BeyondTrust, Kritische

BeyondTrust: Kritische Sicherheitslücke wird aktiv ausgenutzt

14.02.2026 - 00:51:11

Eine schwerwiegende Schwachstelle in BeyondTrusts Secure-Access-Lösungen ermöglicht Angreifern unauthentifizierten Zugriff. Erste Ausnutzungsversuche sind bereits im Gange.

Eine schwerwiegende Sicherheitslücke in den Secure-Access-Produkten von BeyondTrust wird bereits aktiv von Angreifern ausgenutzt. Die Schwachstelle ermöglicht es, Unternehmensnetzwerke ohne Authentifizierung zu kompromittieren – ein Albtraum für IT-Sicherheitsteams weltweit.

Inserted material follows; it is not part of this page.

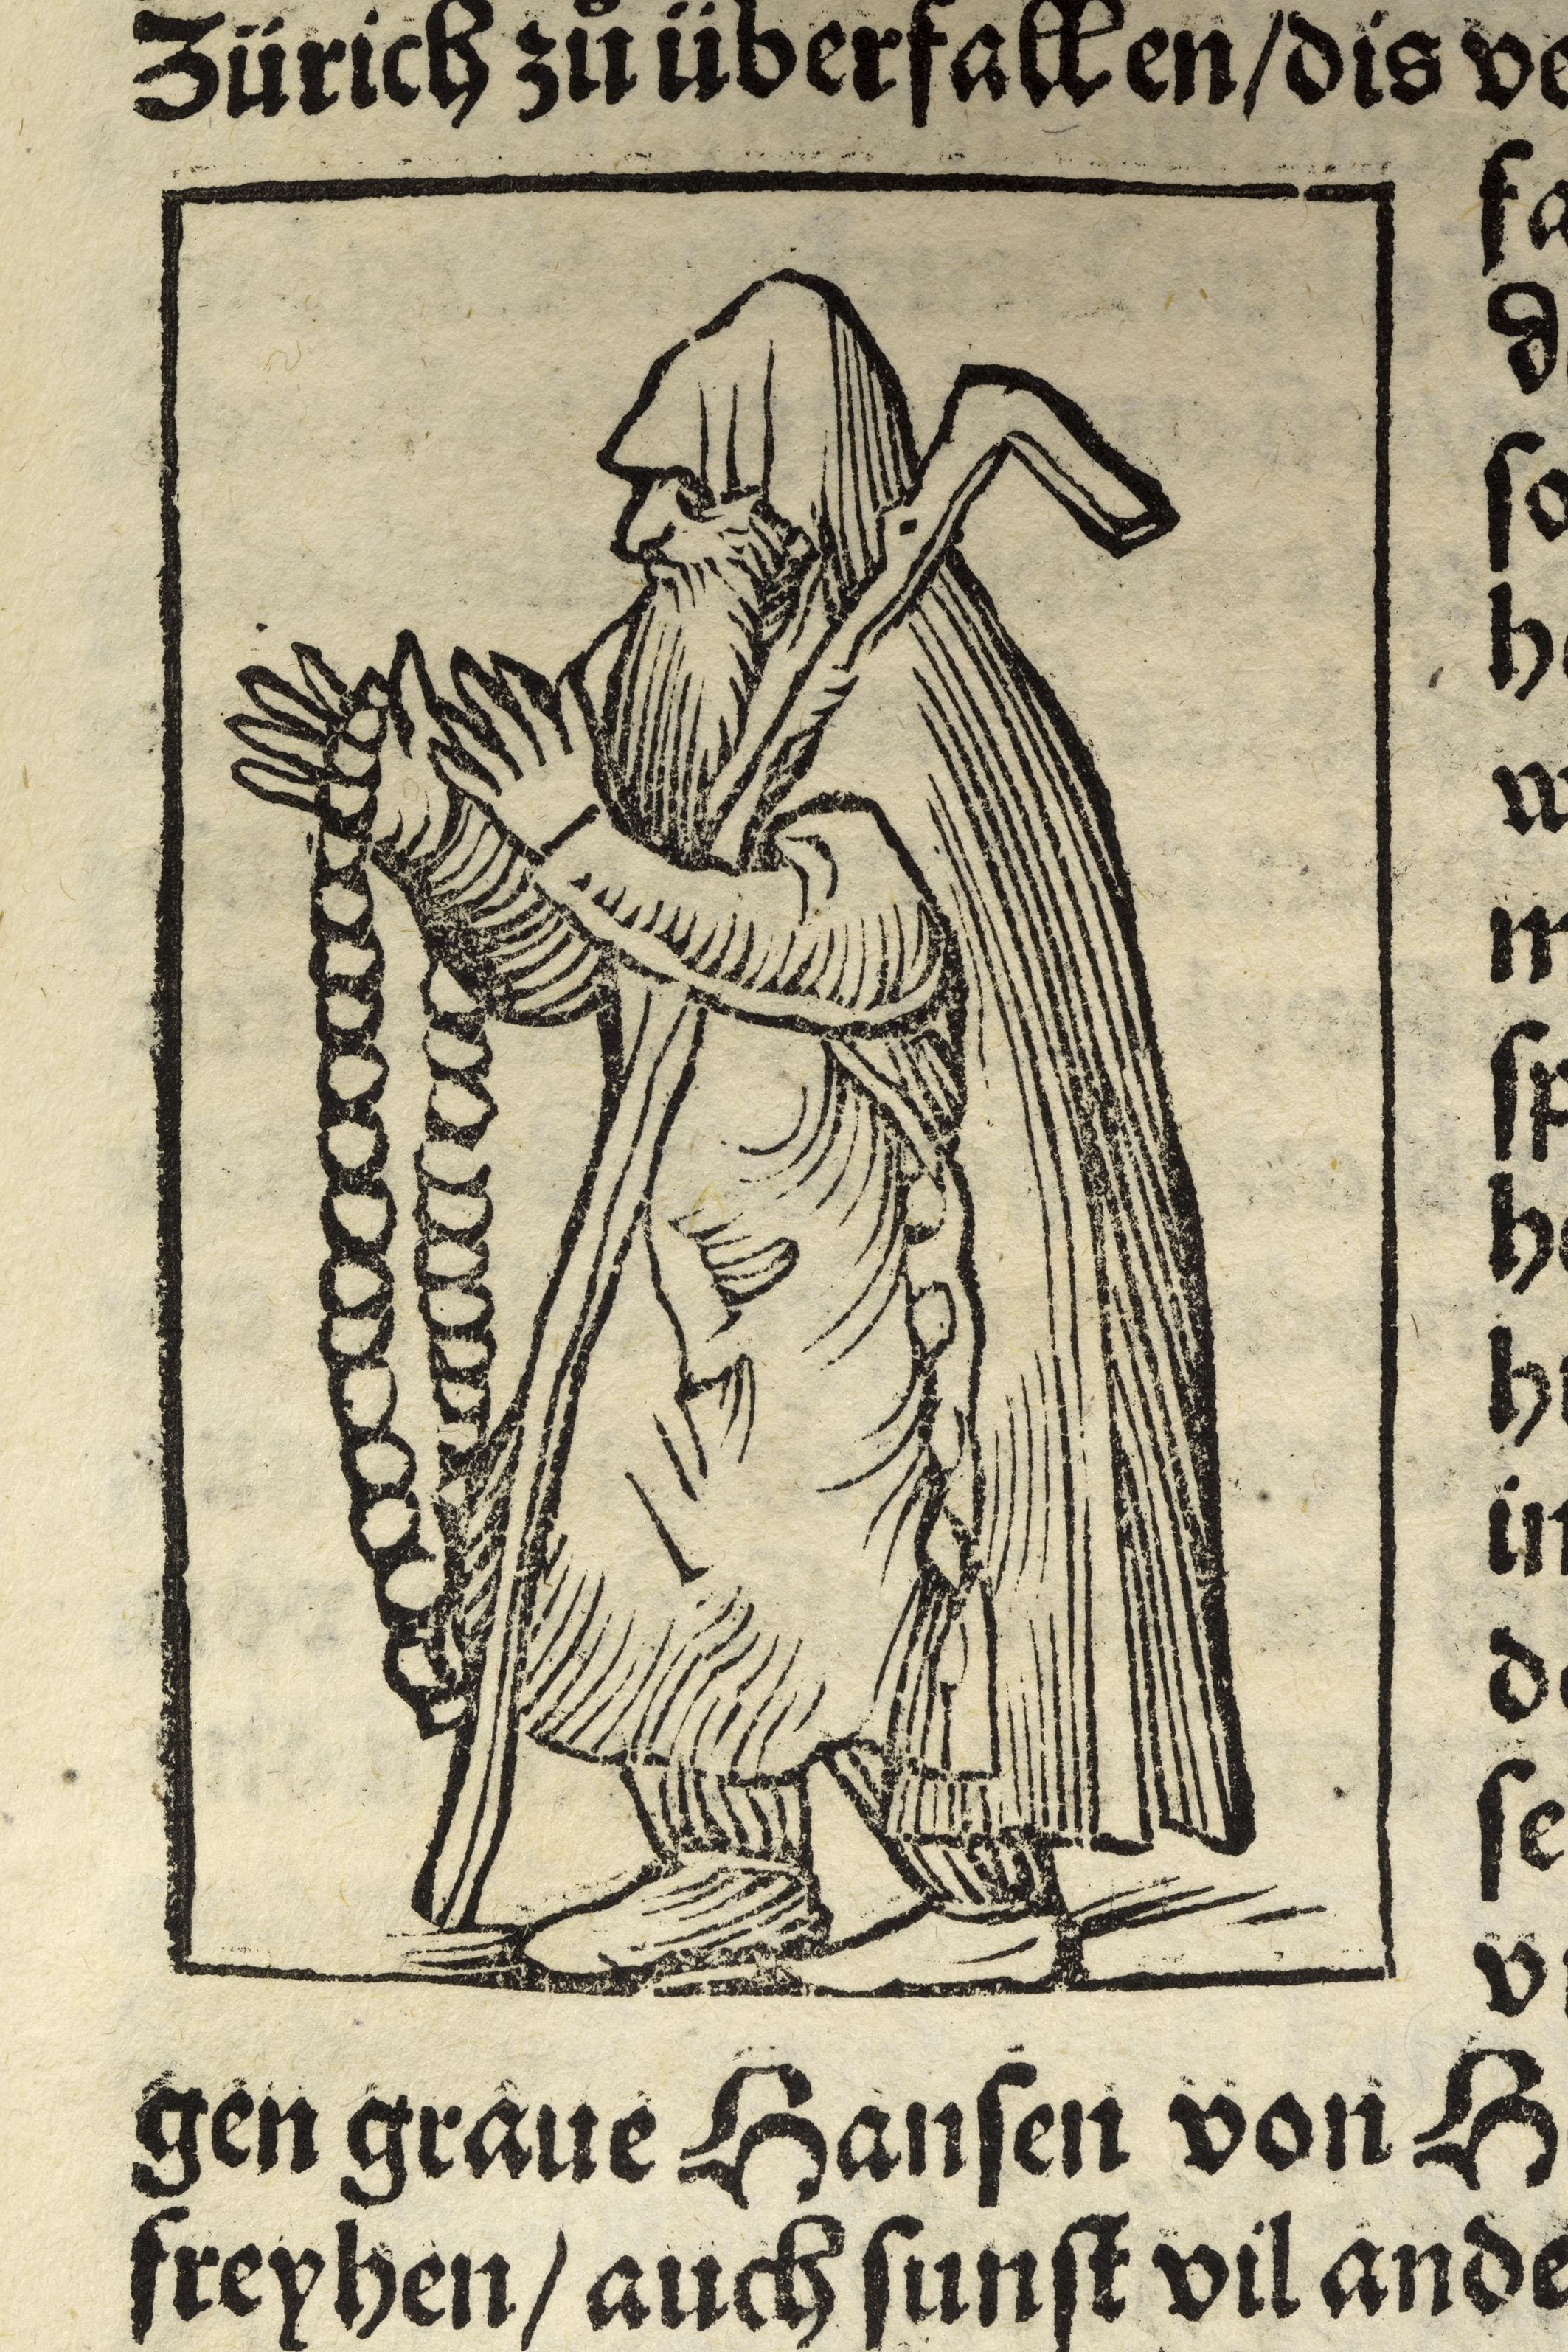 BT3.187.1, p.ccxlv, Sebastian Munster's Cosmographia, 1544

Was die Lücke so gefährlich macht

Die als CVE-2026-1731 identifizierte Schwachstelle hat einen Schweregrad von 9,9 von 10 Punkten. Sie betrifft lokale Installationen von BeyondTrust Remote Support und Privileged Remote Access. Das Besondere: Angreifer benötigen weder eine Benutzerinteraktion noch vorherige Anmeldedaten. Ein speziell präparierter Netzwerkverkehr reicht aus, um beliebige Systembefehle auszuführen.

Betroffen sind Version 25.3.1 und älter von Remote Support sowie Version 24.3.4 und älter von Privileged Remote Access. Besorgniserregend ist der Ort des Fehlers: Er liegt im selben Endpunkt wie eine frühere, berüchtigte Lücke (CVE-2024-12356), die 2024 von mutmaßlich chinesischen Staatshackern genutzt wurde, um das US-Finanzministerium zu kompromittieren. Der damalige Patch schloss die Tür offenbar nicht vollständig.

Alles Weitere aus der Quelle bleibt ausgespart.